Никто не обращал внимания на паренька с рюкзаком, а может быть, его
просто не замечали в темном углу под стенгазетой.
Никто не обращал внимания и на вой из-за двери так же, как никто не
прислушивался к треску пишущей машинки из-за другой двери.
У Толи возникло ощущение часто повторяющегося дурного сна, когда ты
понимаешь, что попал в опасное место, что тебе нужно отсюда немедленно уйти,
что вот-вот грянет беда, но уйти почему-то невозможно.
По веселым голосам сотрудников он понял, что подошло время обеда, и
впрямь - двери хлопали все чаще и чаще, и вскоре коридор опустел. Тогда вой
усилился, словно воющий решил во время перерыва повыть за милую душу. В
конце коридора заскрипели доски, и появился позевывающий Чепцов. Он был на
этот раз в военном, но поверх гимнастерки на нем была безрукавная
душегрейка, скрывающая погоны. Он сладко потянулся на ходу, смешливо
фыркнул, словно освобождаясь от приятного, но дурашливого сна, открыл ТУ
дверь и выпустил вой наружу.
- Обедать пойдешь, Борис? - спросил он в эту открытую дверь.
Толя увидел прямо перед собой залитую солнцем комнату с тюлевыми
занавесками и с портретом Берии над письменным столом. В середине комнаты
спиной к двери стоял, широко расставив ноги, человек в такой же душегрейке,
как и у Чепцова. За ним виден был другой человек, сидящий на стуле. Первый
человек что-то делал руками со вторым, а второй-то как раз и выл.
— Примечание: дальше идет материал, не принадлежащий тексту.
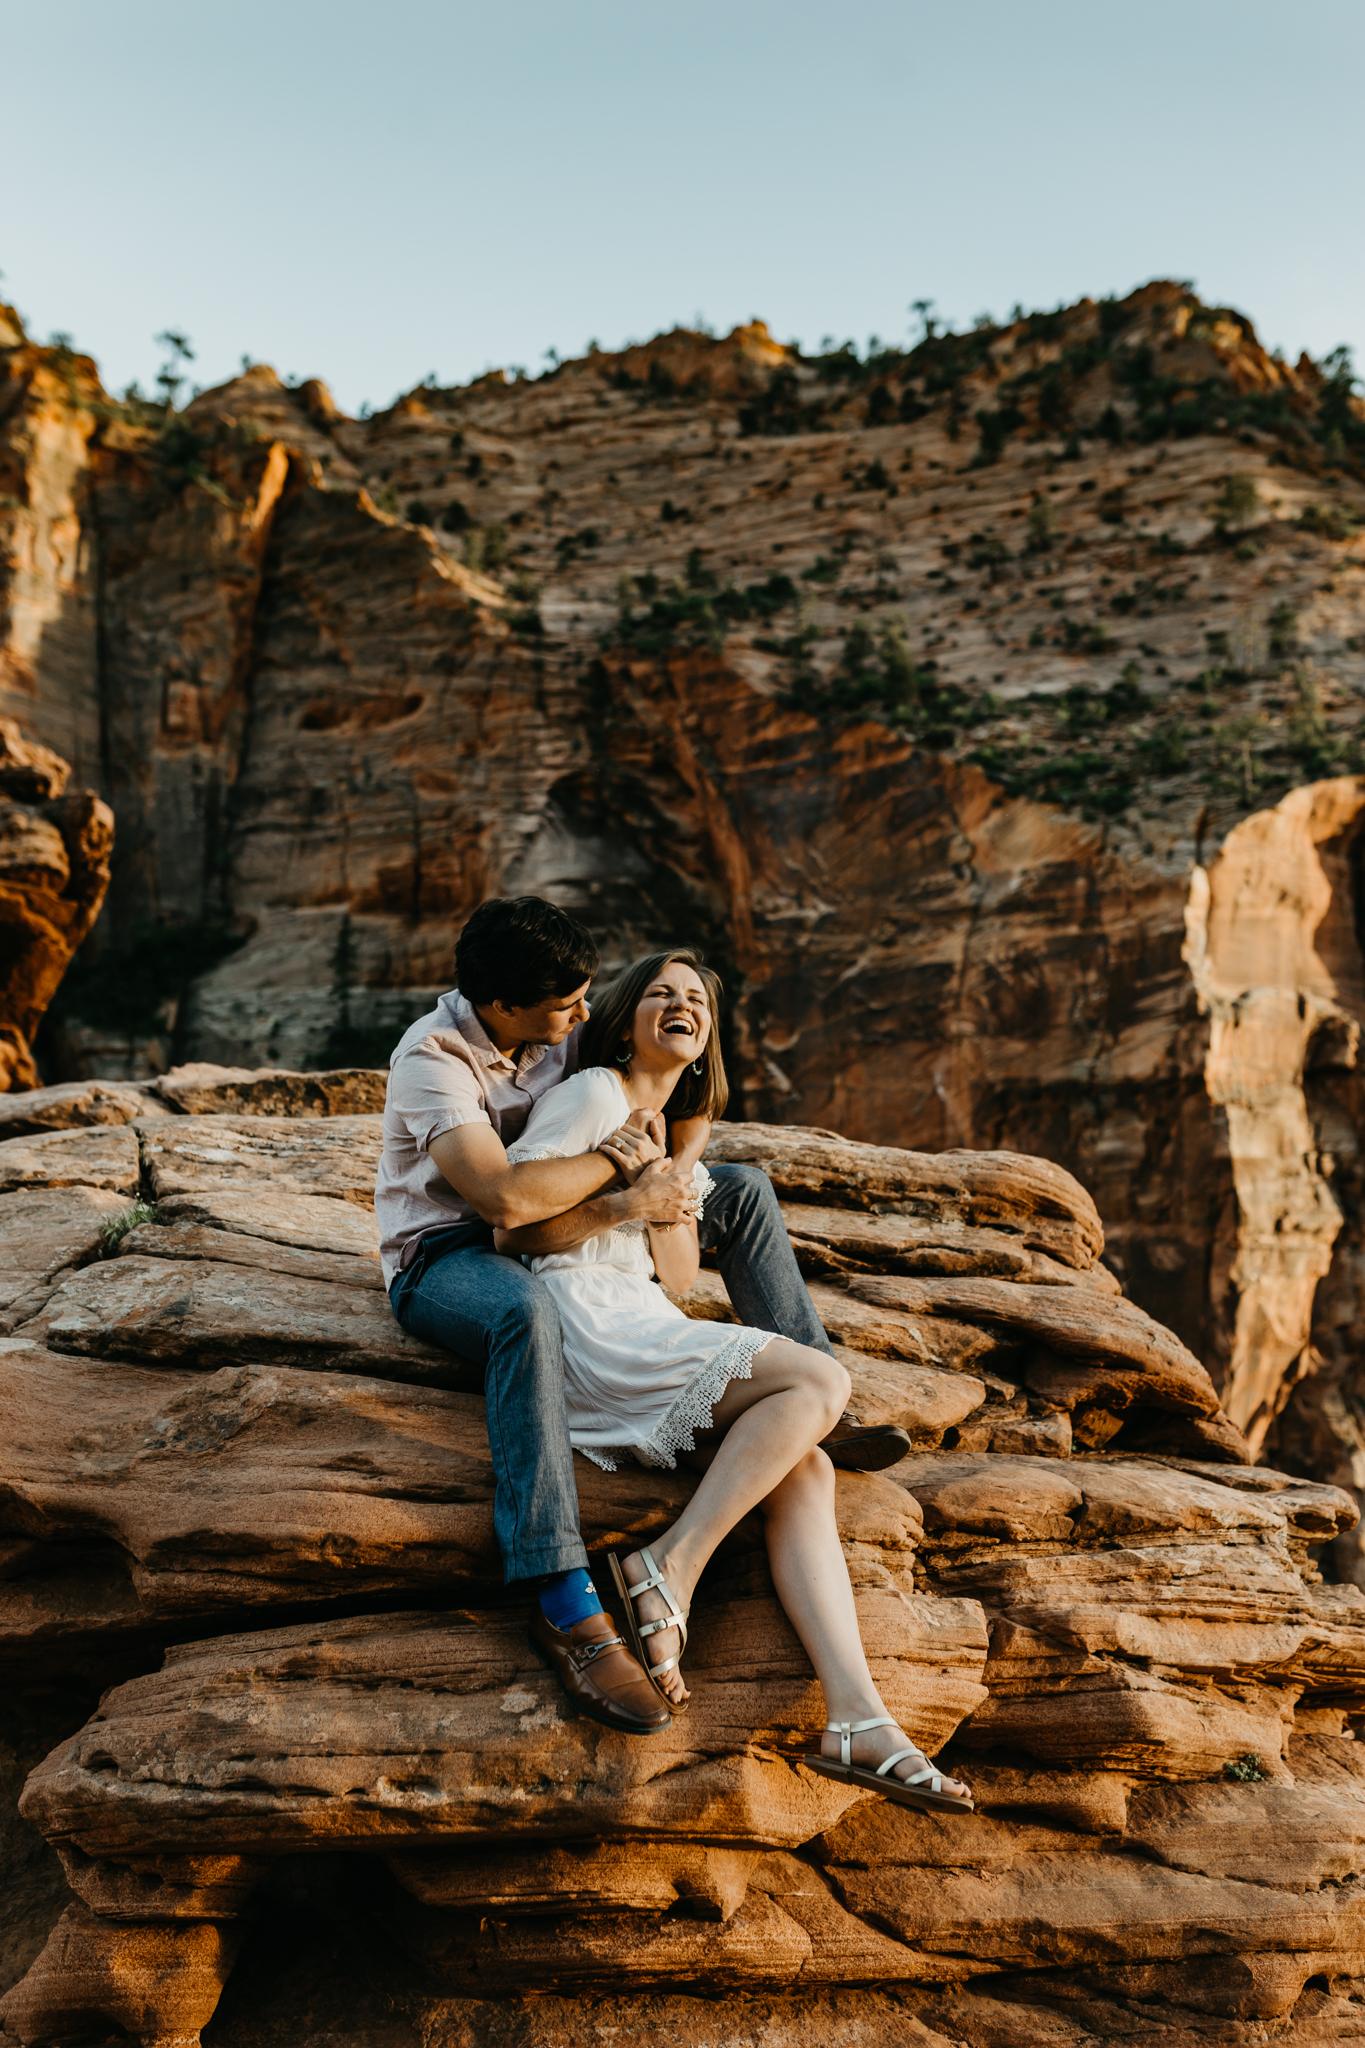 Abby&Austin-Engagement-shoot-Zion-National-Park-8523.jpg

- Ай-я-яй, какие страсти-мордасти! - насмешливо сказал Чепцов, вошел в
комнату и закурил.
Дверь осталась открытой, и Толя мог прекрасно видеть все происходящее.
- Всю душу вымотал ебаный фашист! - устало проговорил следователь Борис
и отошел в угол к рукомойнику.
Чепцов вставил ему в зубы папиросу и зажег спичку.
Подследственный поднял голову, и Толя чуть не вскрикнул - перед ним был
Саня Гурченко, тот самый смелый "Ринго Кид", лихой и веселый
спецпереселенец, европейский бродяга, "рыцарь Иисуса Христа". Что с ним
делал следователь Борис своими умелыми руками, понять было нельзя, не было
никаких следов на его мертвенном лице, однако выть он перестал немедленно,
как только Борис отошел к рукомойнику.
- По-моему, ты перехлестываешь, Боря, - мягко сказал Чепцов.
- Ну, знаешь, у меня тоже нервы есть! - возмутился его приятель, отошел
к столу и стал собирать бумаги в папку.
Чепцов взял стул и присел к подследственному вплотную.
- Что, Саня, бьют? - тихо спросил он, внимательно вглядываясь в молодое
лицо.
Гурченко открыл свои глаза, далекие и безжизненные, как весь
северо-восток нашего континента, отрешенные от России и от Европы, забывшие
Бога голубые свои глаза.
- Бьют, гражданин капитан, - прошептал он.
- Ну-ну, - сказал Чепцов, как бы ободряя его, как бы призывая вернуться
к жизни, и - удивительно! - призыв этот был тут же услышан измученным
человеком, в глазах его плеснула, как рыба хвостом, сумасшедшая надежда, и
он слабо улыбнулся, облизал губы и чуть кивнул в знак благодарности за
сочувствие, которое, оказывается, даже в такой малой дозе все-таки
необходимо душе.
- А так не били? - спросил Чепцов и ударил Саню локтем в правый глаз.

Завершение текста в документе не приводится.